Information shown section start

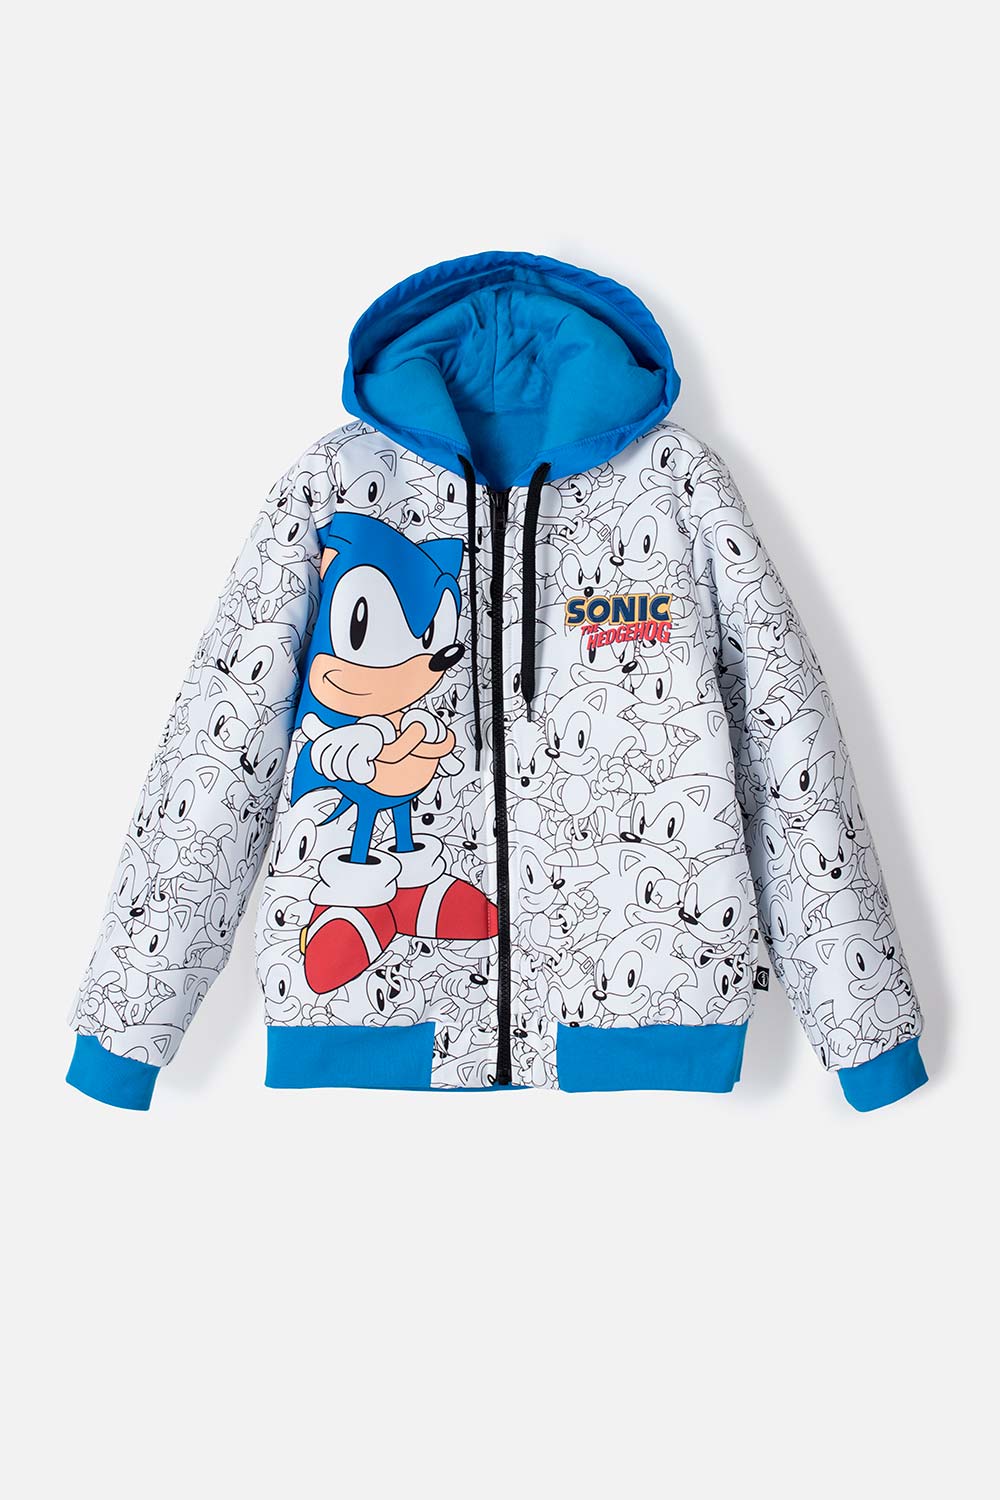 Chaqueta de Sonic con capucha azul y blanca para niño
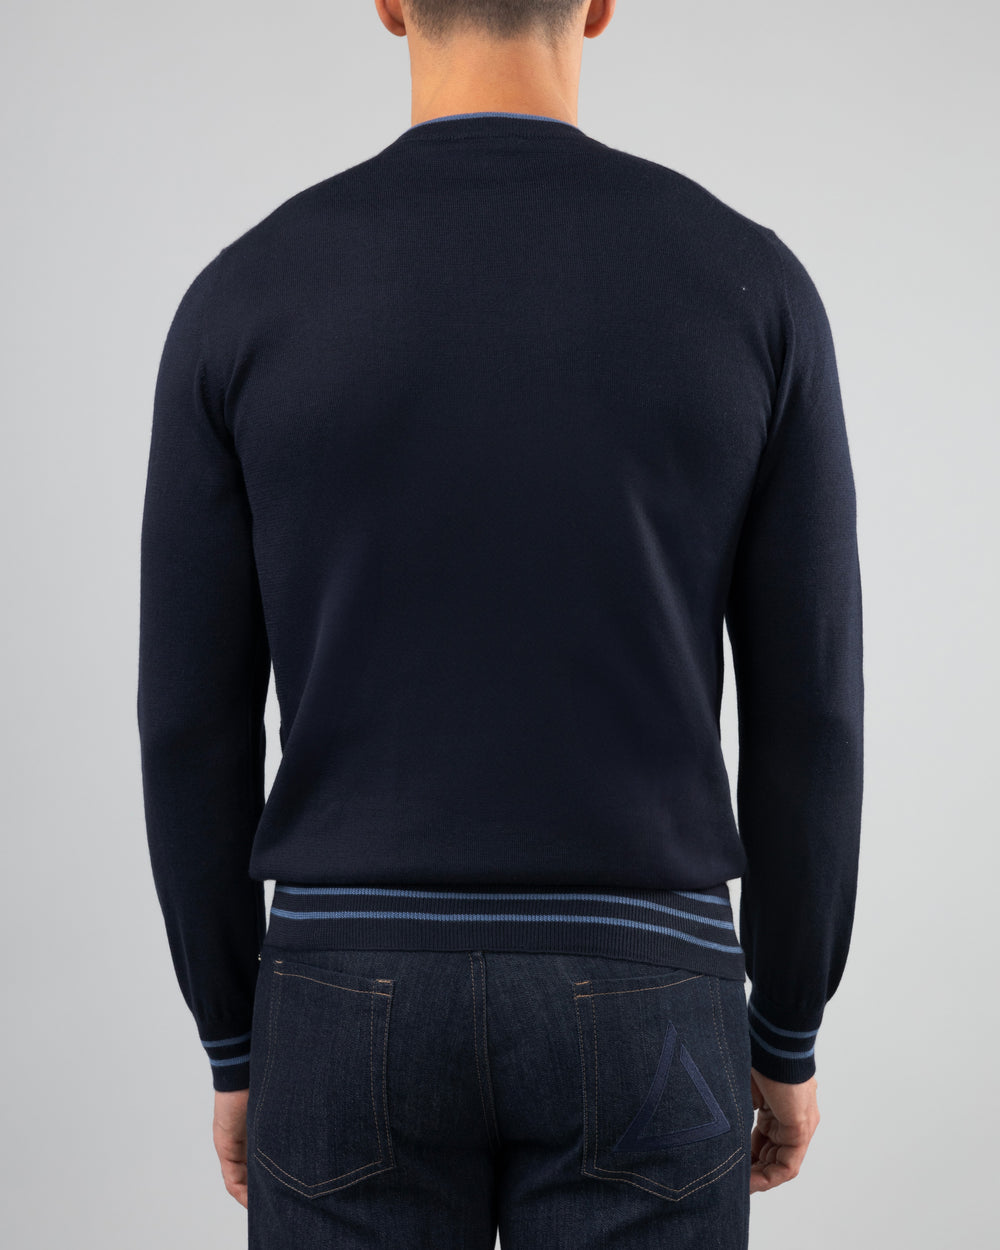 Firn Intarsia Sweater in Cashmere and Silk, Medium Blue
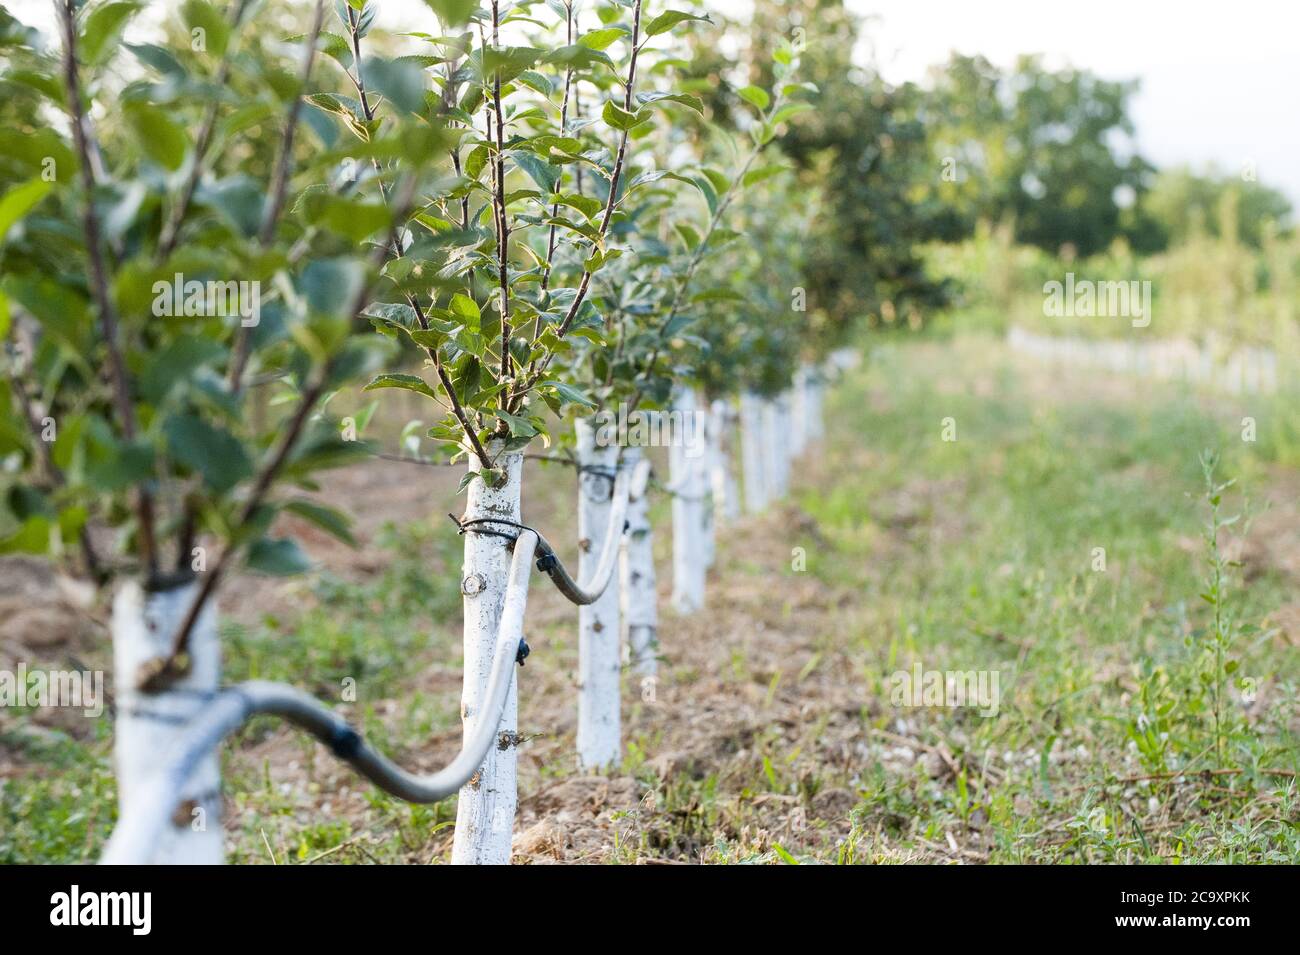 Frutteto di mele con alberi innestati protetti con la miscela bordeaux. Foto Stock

Information shown section end

| Exercise requirements |
Only the lines from the line containing "Firn Intarsia Sweater" through the end of the material should be retyped, exactly and in full, with no pictures.

| Problem solution |
 Firn Intarsia Sweater in Cashmere and Silk, Medium Blue
 Frutteto di mele con alberi innestati protetti con la miscela bordeaux. Foto Stock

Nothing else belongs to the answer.